To achieve Prefill-Decode Disaggregation in vLLM without high-level CLI arguments, you can manually configure the distributed settings.

Step 1: Modify Configuration

Modify your configuration to include the following settings:

  • distributed_init: True
  • tensor_parallel: True
  • kv_cache_settings: configure according to your GB300 and DeepSeek-R1 NVFP4 model requirements

Step 2: Environment Variables

Set the following environment variables:

  • NODE_RANK: unique rank for each node
  • MASTER_ADDR: address of the master node
  • NNODES: total number of nodes
  • WORLD_SIZE: total number of processes (equal to NNODES * number of GPUs per node)

Step 3: Launch Commands

Launch your Prefill and Decode nodes using the following commands:

# Prefill node
python -m torch.distributed.launch --nnodes=N --node_rank=0 --master_addr=<master_addr> --master_port=29500 your_prefill_script.py

# Decode node
python -m torch.distributed.launch --nnodes=M --node_rank=0 --master_addr=<master_addr> --master_port=29501 your_decode_script.py

Replace N and M with the number of Prefill and Decode nodes, respectively.

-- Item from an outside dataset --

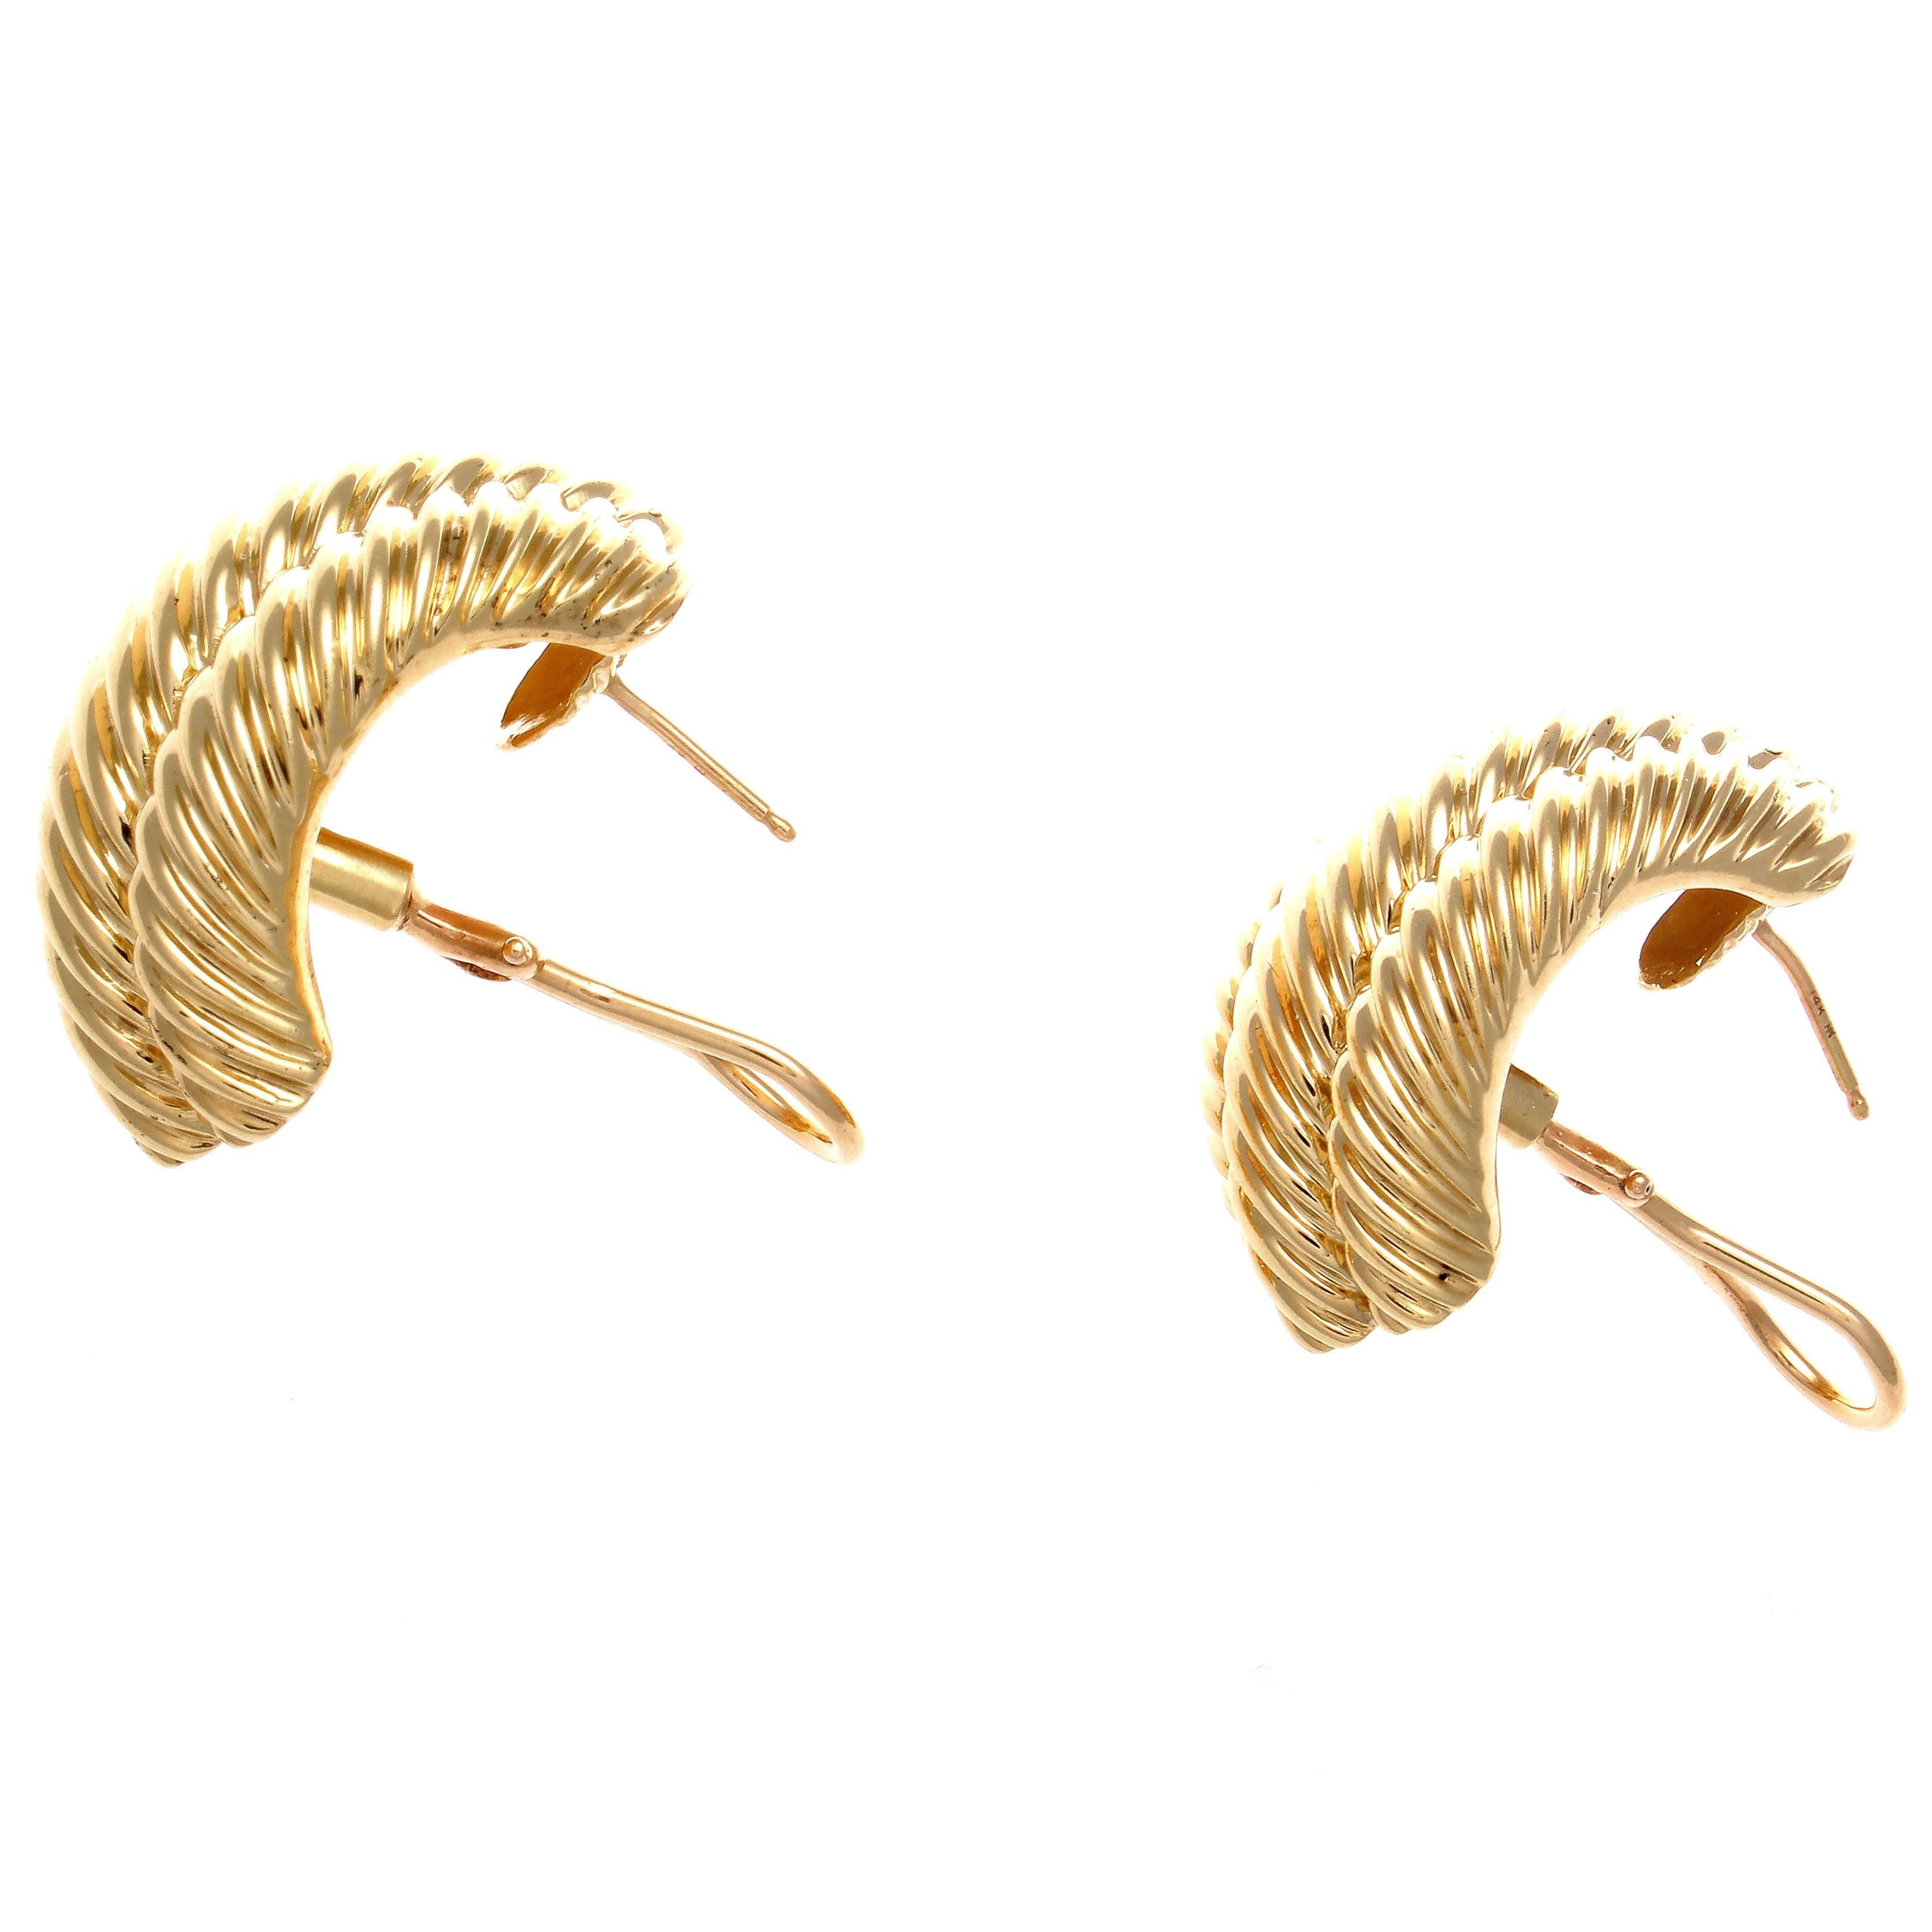 The twisted helix known as the cable design was first introduced in 1983 and is still David Yurman's most sought after creations. Designed in rolling contours of glistening 14k yellow gold that cascade down the ear. Signed David Yurman.

1-1/8

Step 4: Code Modifications

Modify your your_prefill_script.py and your_decode_script.py to include the following code snippets:

import torch.distributed as dist

# Initialize distributed backend
dist.init_process_group('nccl', init_method='env://')

# ... (rest of your code)

# Cleanup
dist.destroy_process_group()

Verification

To verify that Prefill and Decode workloads are running on their dedicated nodes, you can use tools like nvidia-smi to monitor GPU usage on each node. Additionally, you can add logging statements in your code to print the node rank and GPU ID being used.

Extra Tips

  • Ensure that your GB300 nodes have the same version of PyTorch and vLLM installed.
  • Use torch.distributed.launch to launch your scripts, as it handles the initialization of the distributed backend.
  • Configure your kv_cache_settings according to your model's requirements to optimize performance.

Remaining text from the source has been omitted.